2 years later, her doctors called. New developments in genetic research revealed that the DNA mutation they previously thought explained her disease was a benign variant. But they had a new answer: a different mutation in a different gene that could explain her disease. Esme’s parents left the disease community they had helped to build and joined new parent support groups. The newly identified mutation was in a recently discovered gene, so it hadn’t even been available for testing two years previously. Esme’s parents felt uprooted from the tight-knit community they had built, but did their best to integrate into a new circle of friends and supporters.

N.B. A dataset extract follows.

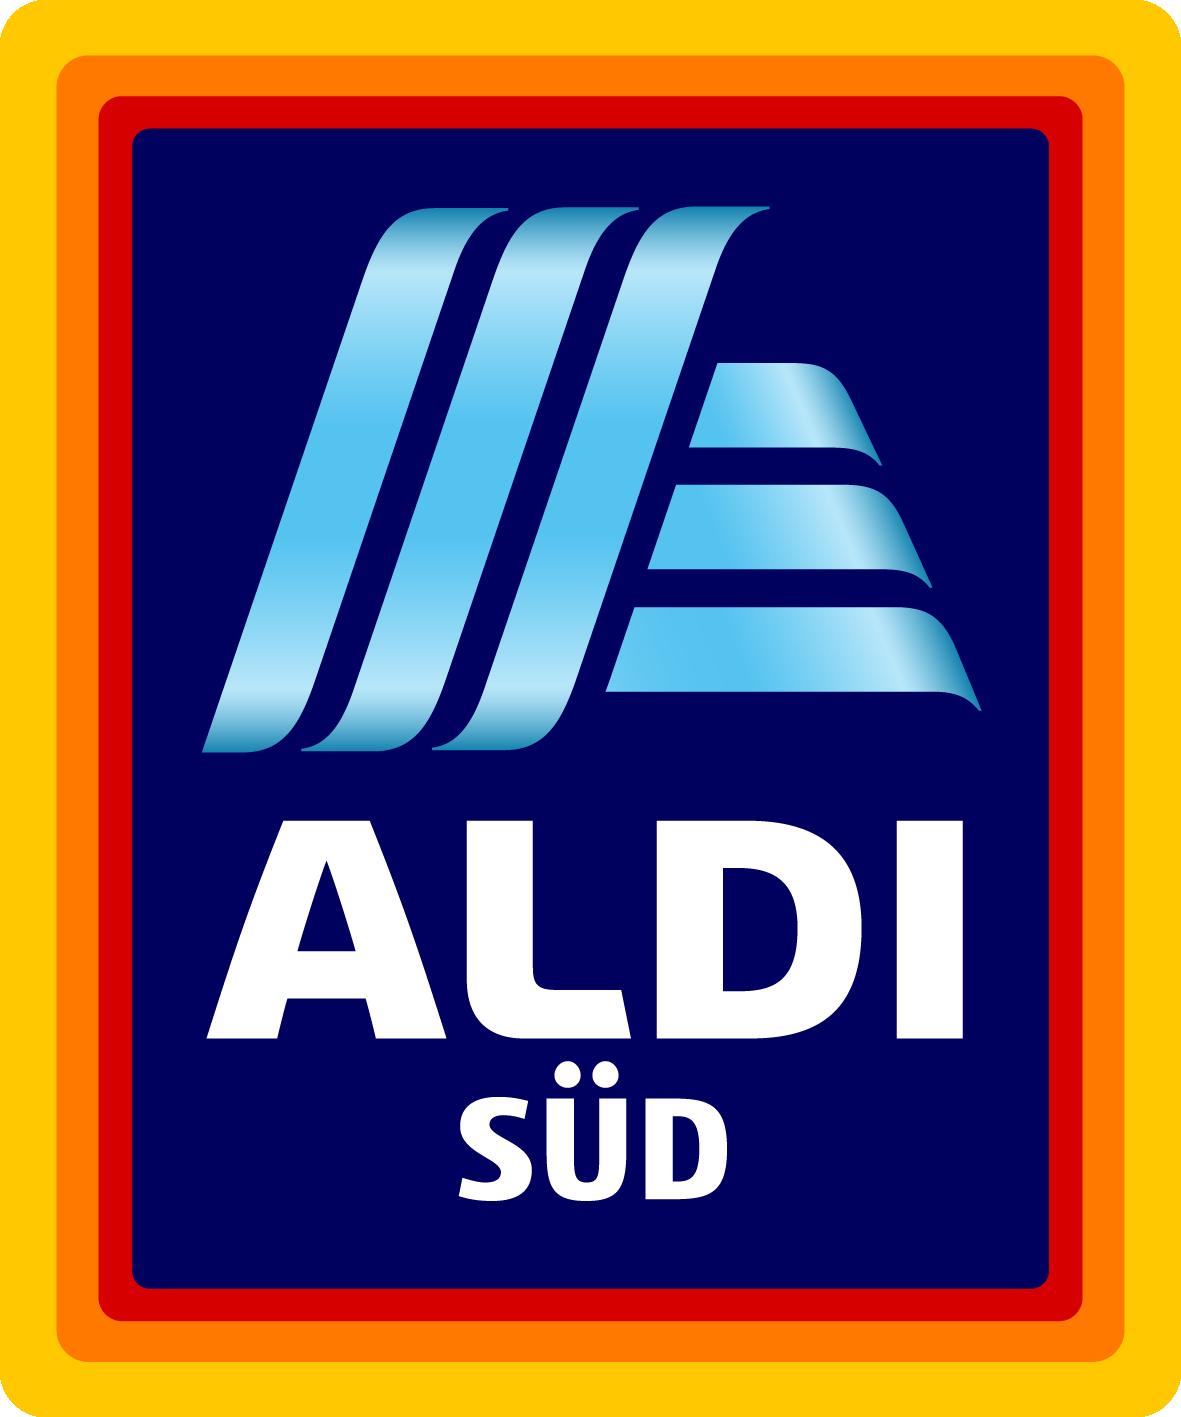 https://cottonmadeinafrica.org/wp-content/uploads/ALDI-SÜD-Logo_Web.png

6 months later, the doctors called again. Although the second diagnosis could still explain Esme’s condition, geneticists had determined that two other DNA variants in other genes were much more likely to explain Esme’s condition and would lead to different therapies for Esme. This time, Esme’s mother stayed in the support groups they had previously joined. After being uprooted from one community of parents, she didn’t want to be completely uprooted again. And, she knew that the second genetic mutation might explain at least part of Esme’s condition.
Esme, 8 years old in 2019, continues to experience developmental delays and health challenges. She goes to a special school, has pool therapy to help her mobility, and loves playing with toys. Her parents still don’t have all the answers, but new genetic testing developments may potentially provide more information. Esme’s parents know that even though they have some potential answers now, because the field is rapidly evolving, those answers are likely to change. For now, they continue searching for answers as new tests and research becomes available.